> [Directions]: Line by line, output everything from the one that contains "Fialové šaty s" through the end of the material below, exactly as written and with no pictures.

> [Data block]:
*** Begin section ***

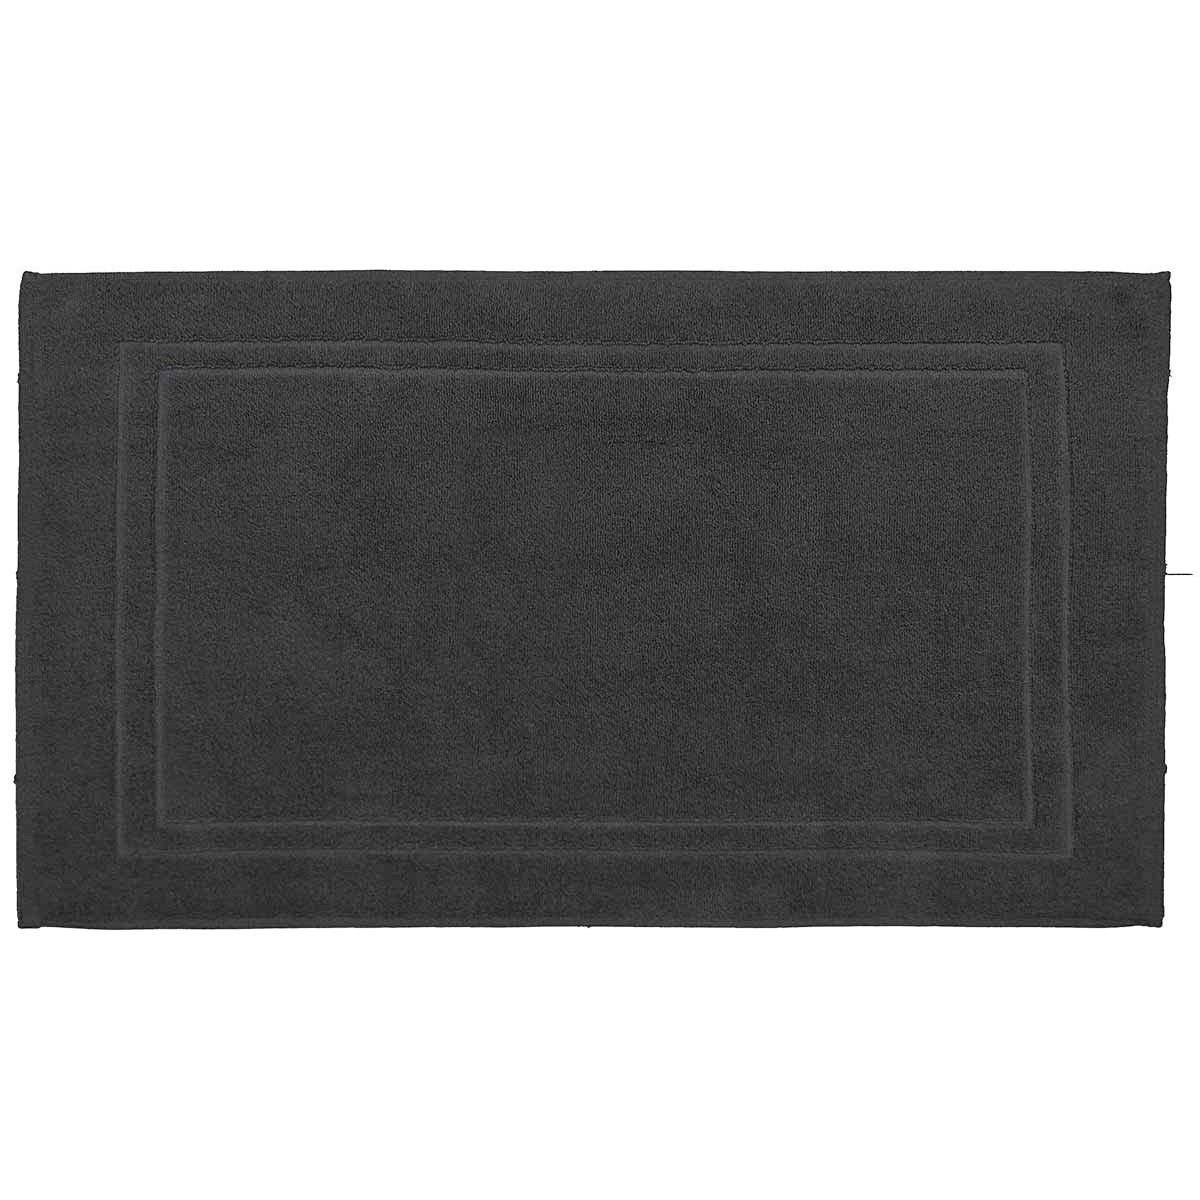 Tapis de bain 900gr/m² Anthracite 50x80 cm
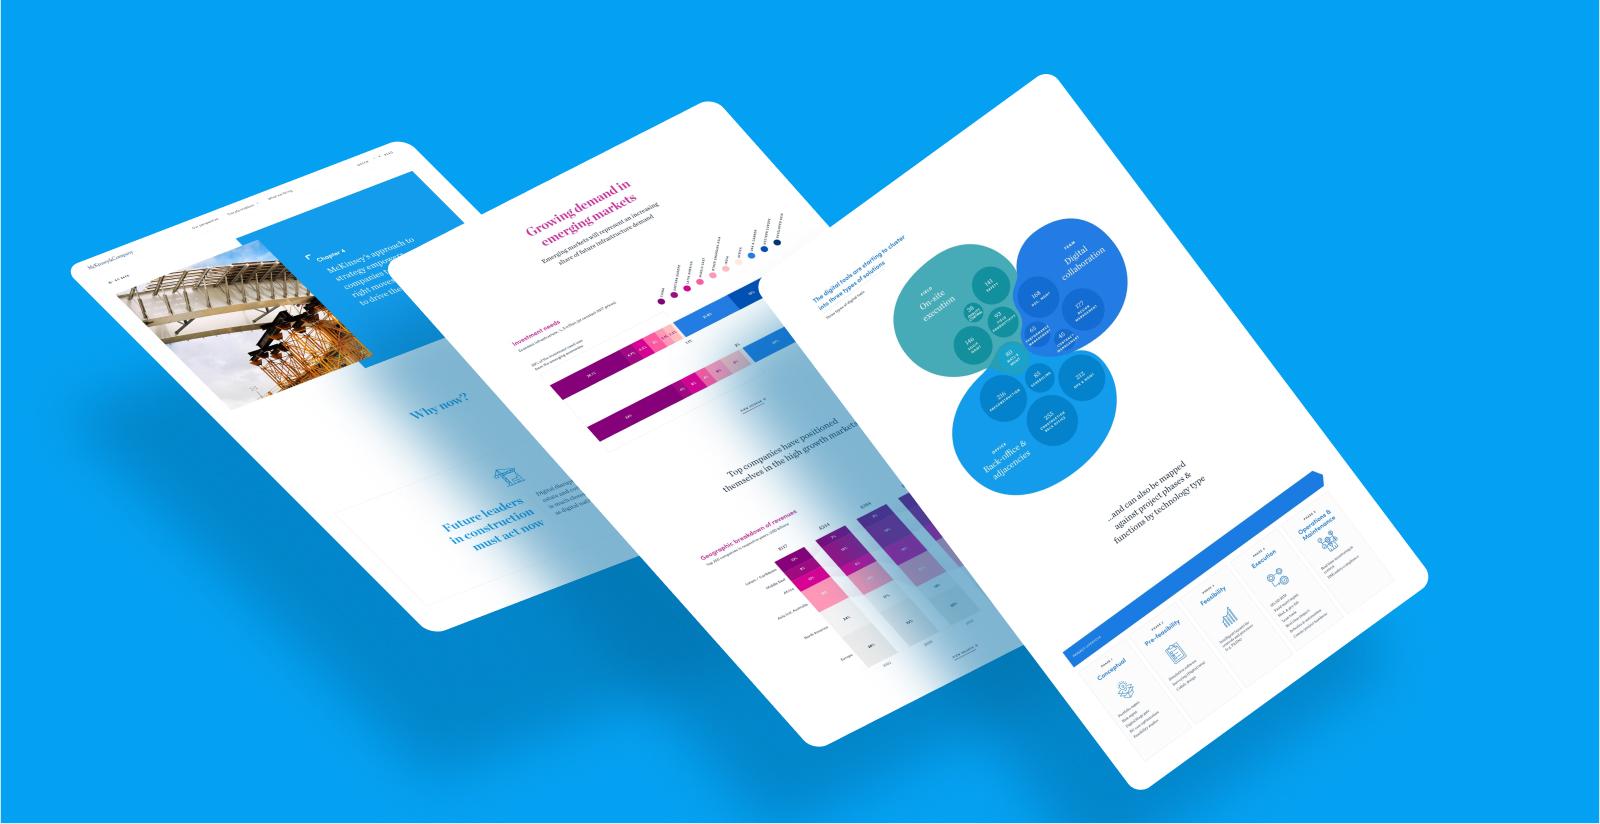 Hero image of UI Digital Design case study for McKinsey
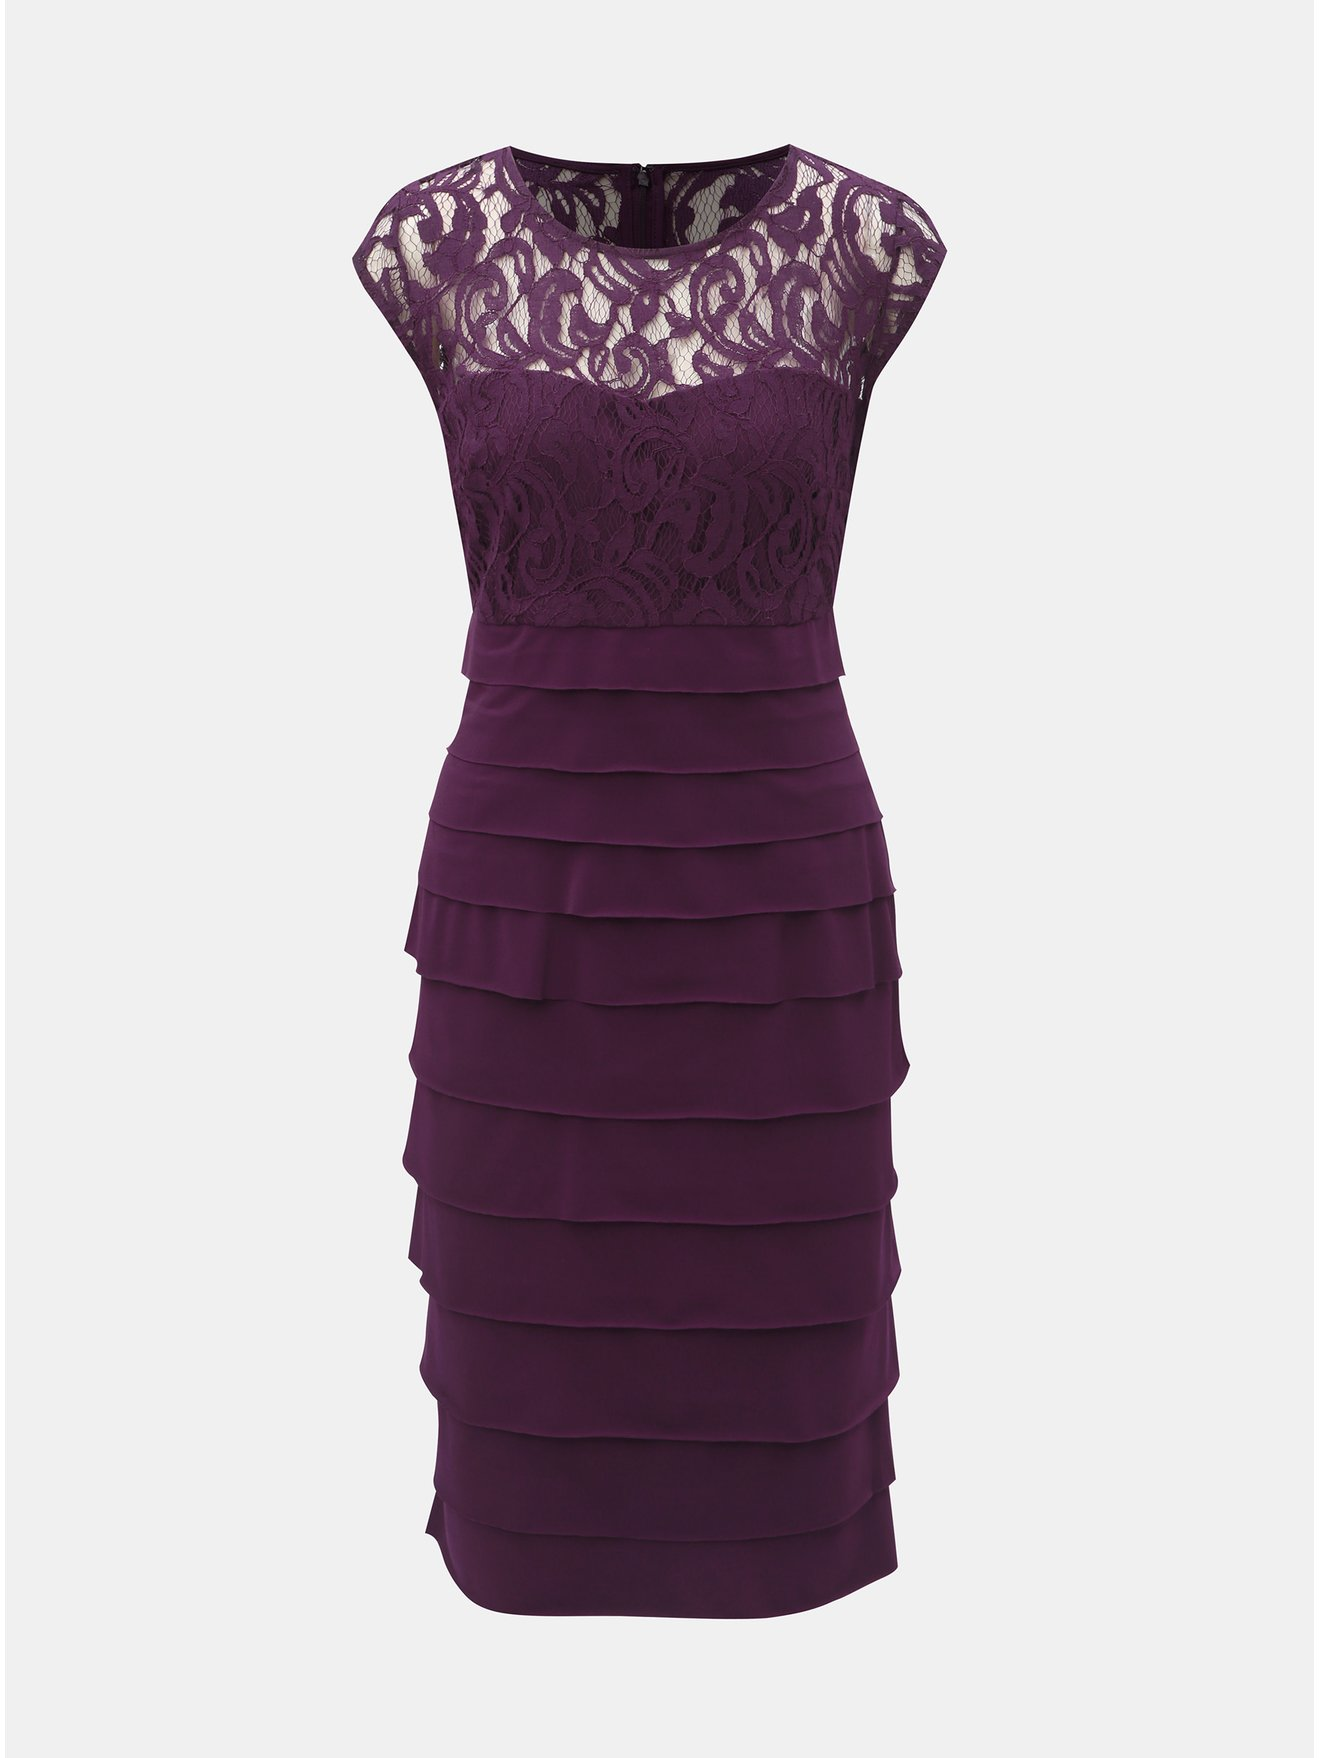 Fialové šaty s krajkovým detailem Lily & Franc by Dorothy Perkins
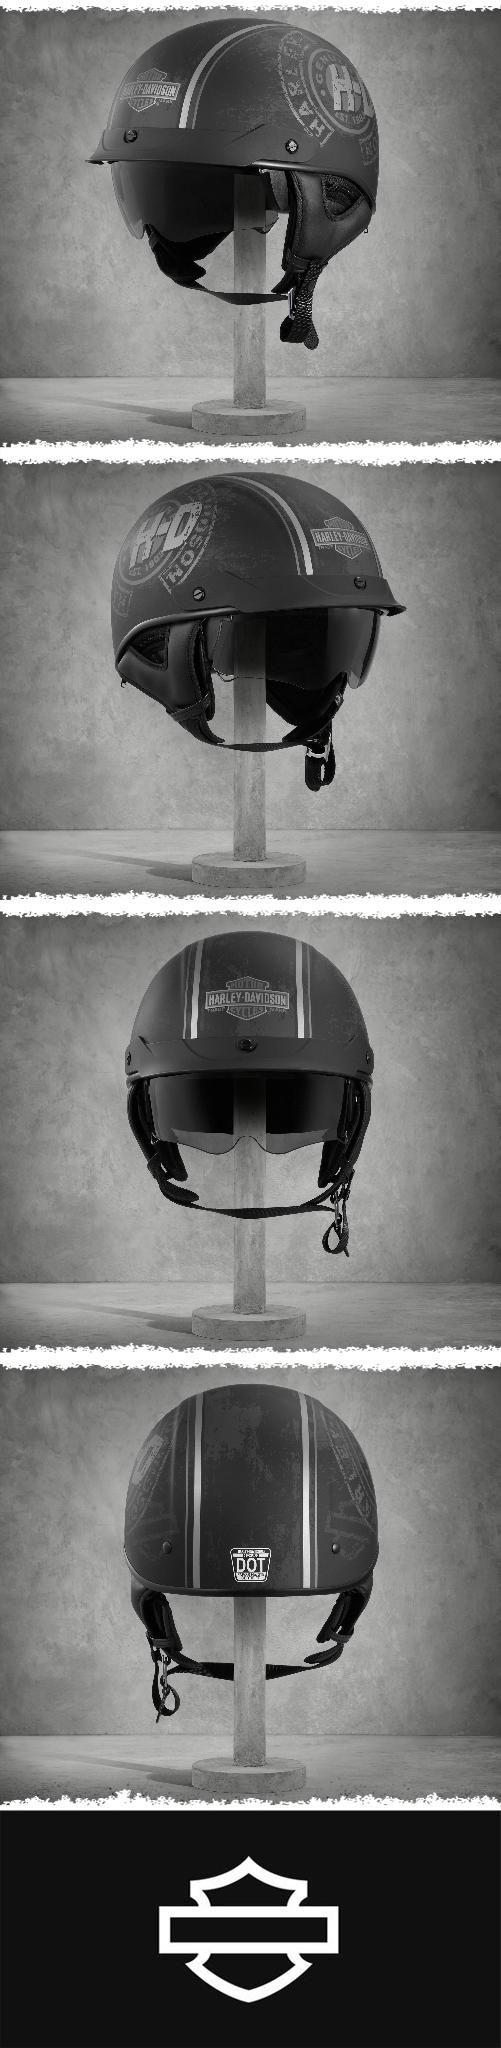 This bad boy is ready to take on the most legendary rides. | Harley-Davidson Wilcox Ultra-Light Sun Shield J03 Half Helmet

*** End section ***

> [Final answer]:
 Fialové šaty s krajkovým detailem Lily & Franc by Dorothy Perkins
 This bad boy is ready to take on the most legendary rides. | Harley-Davidson Wilcox Ultra-Light Sun Shield J03 Half Helmet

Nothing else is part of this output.